┌─ Extracted data

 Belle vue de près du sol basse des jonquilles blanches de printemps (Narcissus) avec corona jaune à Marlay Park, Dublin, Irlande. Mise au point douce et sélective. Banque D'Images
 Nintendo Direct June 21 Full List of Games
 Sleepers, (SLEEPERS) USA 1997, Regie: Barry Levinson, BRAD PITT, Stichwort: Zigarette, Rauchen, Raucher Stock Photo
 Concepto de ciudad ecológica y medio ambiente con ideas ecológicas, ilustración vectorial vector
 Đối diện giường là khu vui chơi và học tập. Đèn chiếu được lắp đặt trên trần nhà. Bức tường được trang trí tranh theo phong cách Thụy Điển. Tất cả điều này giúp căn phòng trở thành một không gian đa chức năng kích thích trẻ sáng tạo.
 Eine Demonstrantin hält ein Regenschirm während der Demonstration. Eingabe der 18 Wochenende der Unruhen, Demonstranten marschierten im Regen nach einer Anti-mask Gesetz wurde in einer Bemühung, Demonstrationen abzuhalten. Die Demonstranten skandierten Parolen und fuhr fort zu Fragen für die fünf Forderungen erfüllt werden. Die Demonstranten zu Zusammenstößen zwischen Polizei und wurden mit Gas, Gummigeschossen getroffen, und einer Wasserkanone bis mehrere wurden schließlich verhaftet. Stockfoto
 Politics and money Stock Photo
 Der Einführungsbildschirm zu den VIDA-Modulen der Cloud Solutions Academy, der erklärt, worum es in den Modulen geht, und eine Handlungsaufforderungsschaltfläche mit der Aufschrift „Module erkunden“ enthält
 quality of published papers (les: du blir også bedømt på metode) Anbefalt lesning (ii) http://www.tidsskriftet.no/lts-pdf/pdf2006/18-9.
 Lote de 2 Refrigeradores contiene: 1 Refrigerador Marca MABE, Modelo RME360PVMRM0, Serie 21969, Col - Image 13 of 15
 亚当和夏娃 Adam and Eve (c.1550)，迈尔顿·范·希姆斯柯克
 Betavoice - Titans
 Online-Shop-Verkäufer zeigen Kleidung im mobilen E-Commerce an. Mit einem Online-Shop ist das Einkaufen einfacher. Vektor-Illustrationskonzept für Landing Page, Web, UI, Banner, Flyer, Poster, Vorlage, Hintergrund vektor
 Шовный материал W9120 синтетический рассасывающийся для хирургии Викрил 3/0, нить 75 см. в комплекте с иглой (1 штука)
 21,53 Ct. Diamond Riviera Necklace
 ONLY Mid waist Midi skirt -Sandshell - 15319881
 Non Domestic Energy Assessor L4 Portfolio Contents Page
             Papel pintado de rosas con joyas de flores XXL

└─

Output, exactly and with no other text, the line that contains "quality of published" and all lines from there to the end of the records.

 quality of published papers (les: du blir også bedømt på metode) Anbefalt lesning (ii) http://www.tidsskriftet.no/lts-pdf/pdf2006/18-9.
 Lote de 2 Refrigeradores contiene: 1 Refrigerador Marca MABE, Modelo RME360PVMRM0, Serie 21969, Col - Image 13 of 15
 亚当和夏娃 Adam and Eve (c.1550)，迈尔顿·范·希姆斯柯克
 Betavoice - Titans
 Online-Shop-Verkäufer zeigen Kleidung im mobilen E-Commerce an. Mit einem Online-Shop ist das Einkaufen einfacher. Vektor-Illustrationskonzept für Landing Page, Web, UI, Banner, Flyer, Poster, Vorlage, Hintergrund vektor
 Шовный материал W9120 синтетический рассасывающийся для хирургии Викрил 3/0, нить 75 см. в комплекте с иглой (1 штука)
 21,53 Ct. Diamond Riviera Necklace
 ONLY Mid waist Midi skirt -Sandshell - 15319881
 Non Domestic Energy Assessor L4 Portfolio Contents Page
             Papel pintado de rosas con joyas de flores XXL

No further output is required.